**PROVIDED ENTRIES**
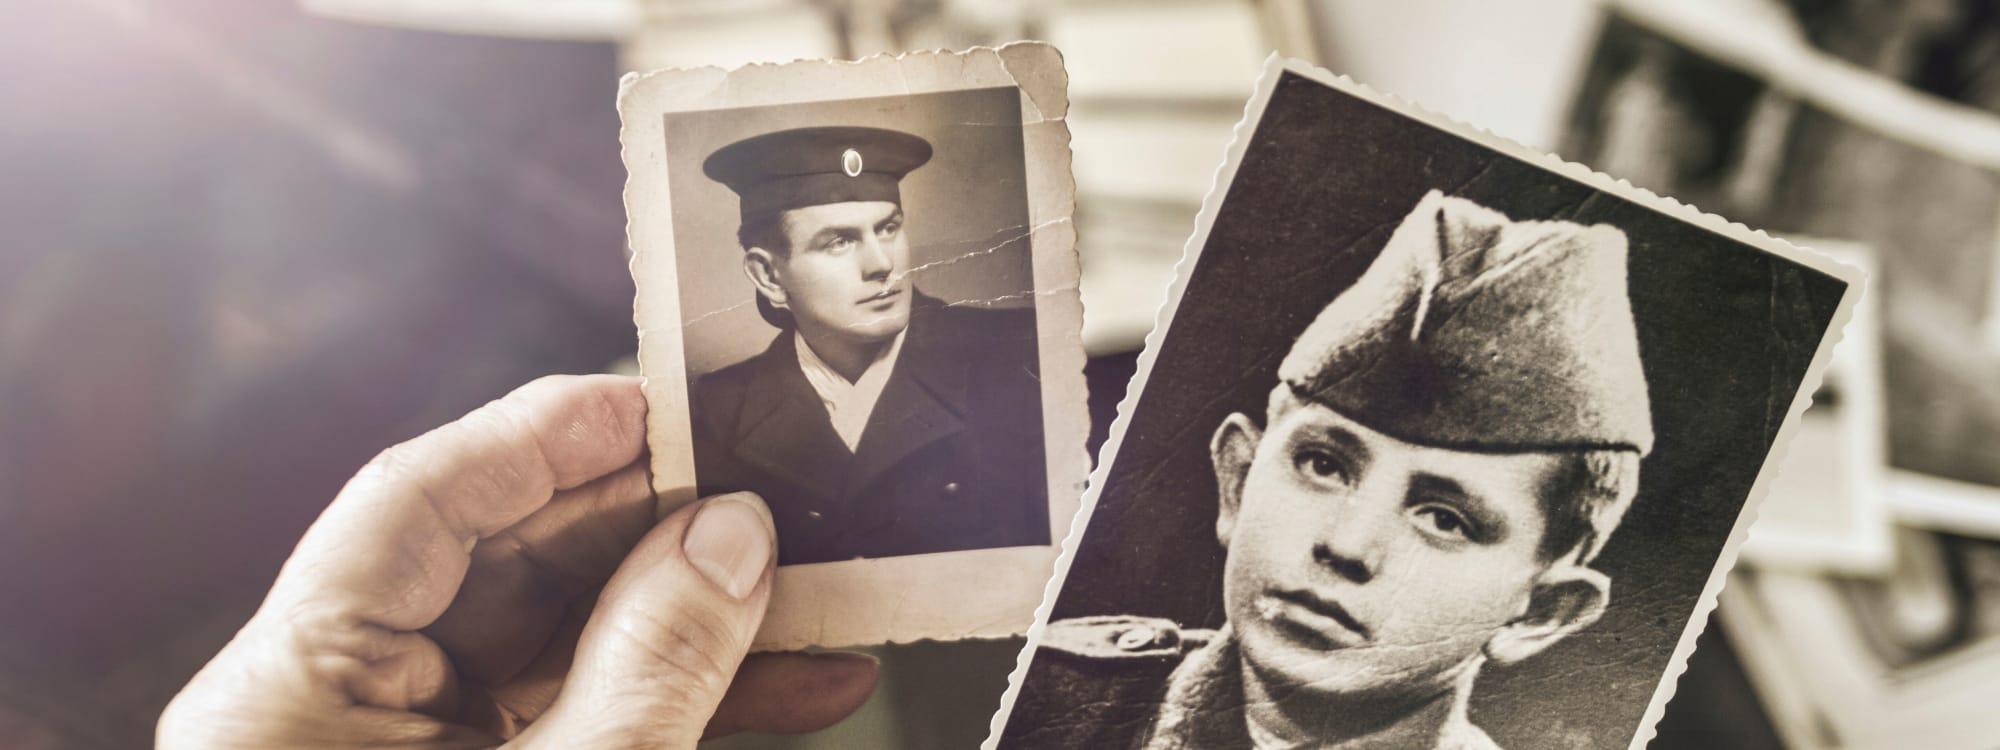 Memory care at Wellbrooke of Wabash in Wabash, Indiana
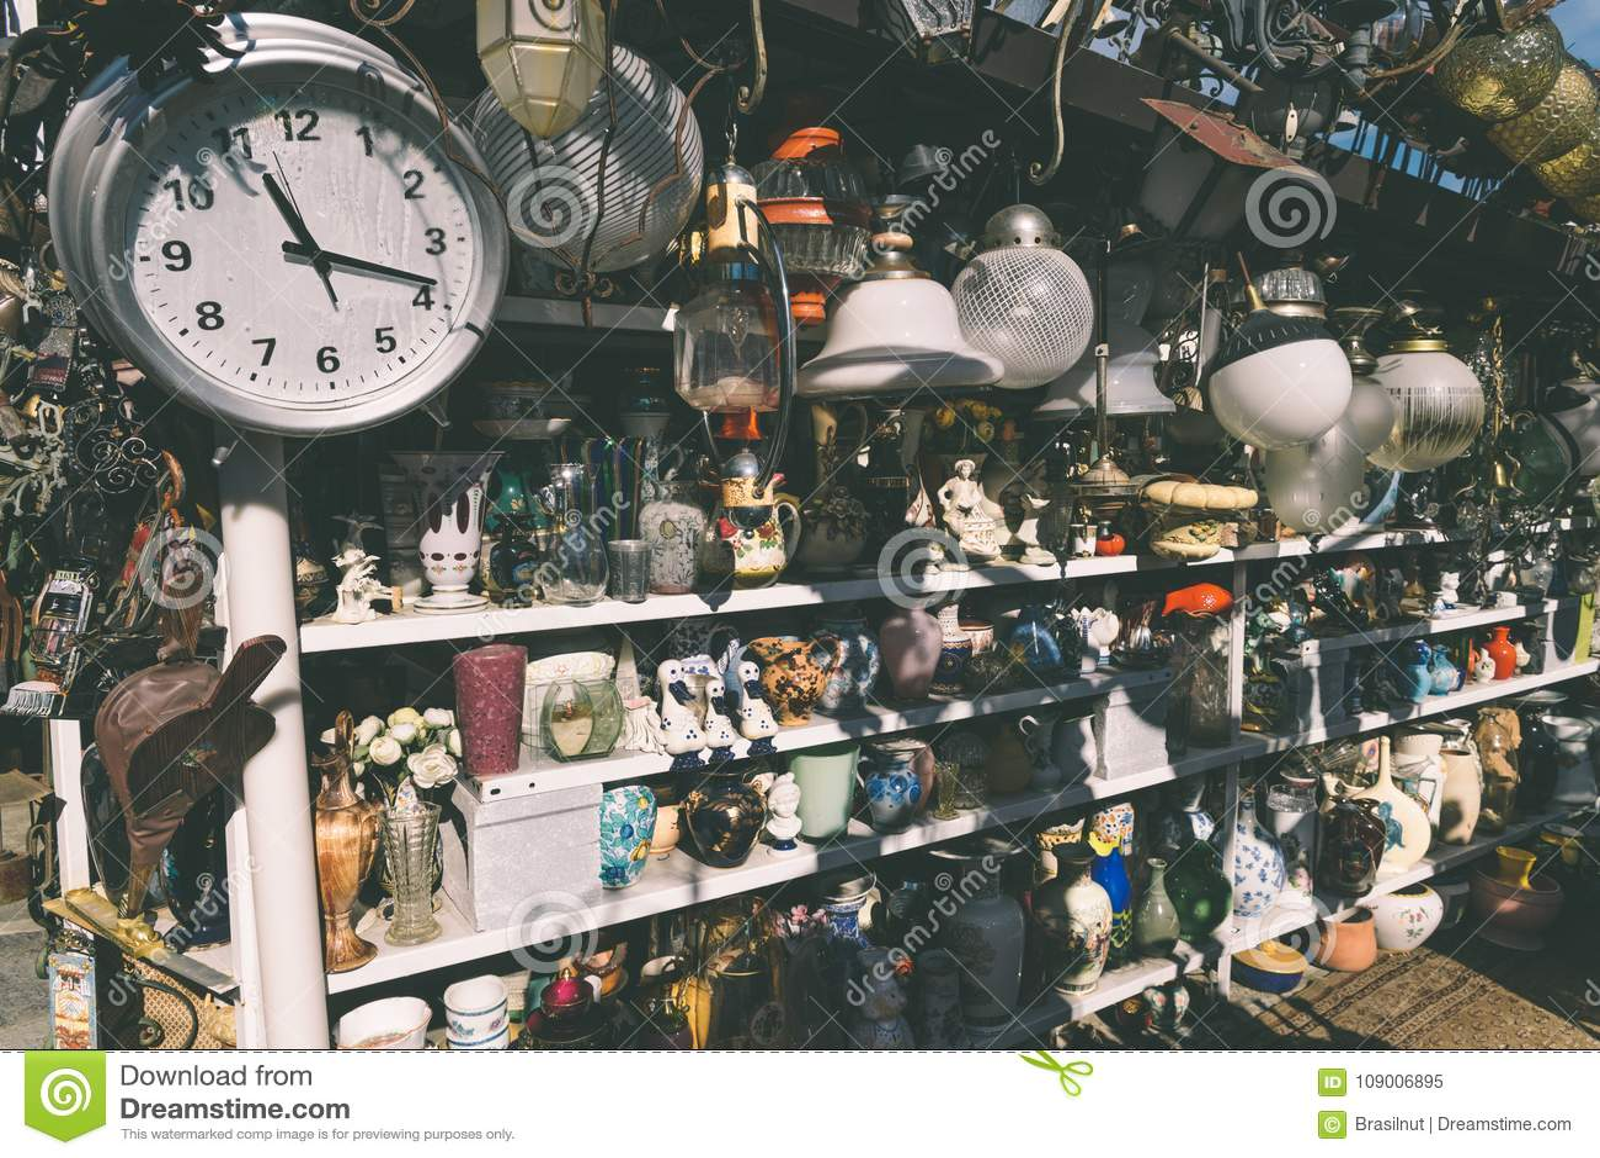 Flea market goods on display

...

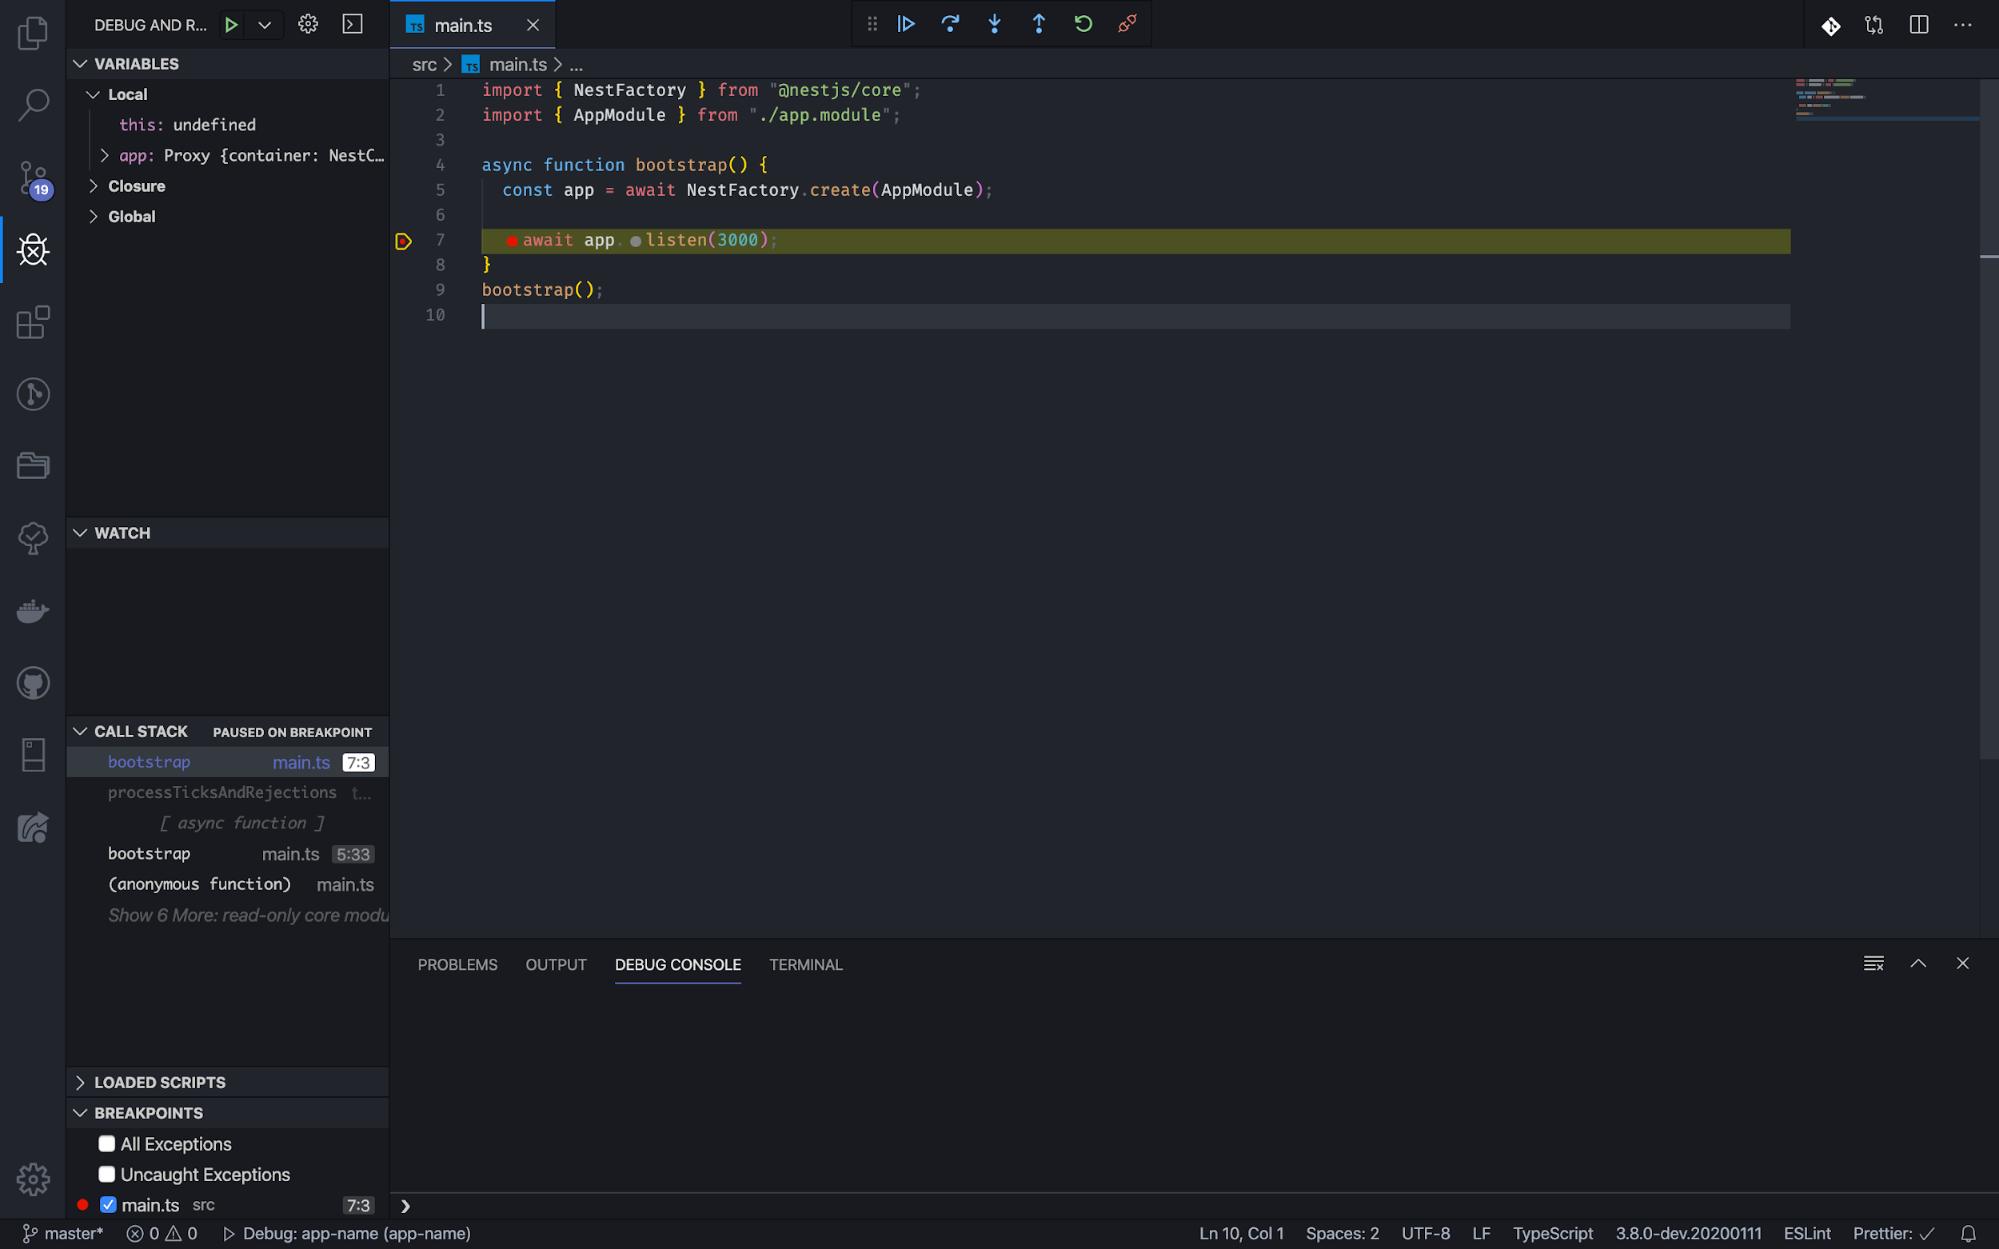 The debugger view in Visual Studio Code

**EXERCISE**
Look above for the line with "Memory care at", then print it and each line after it down to and including the line with "Flea market goods on display". Leave out the pictures and keep the wording exact.

**RESPONSE**
 Memory care at Wellbrooke of Wabash in Wabash, Indiana
 Flea market goods on display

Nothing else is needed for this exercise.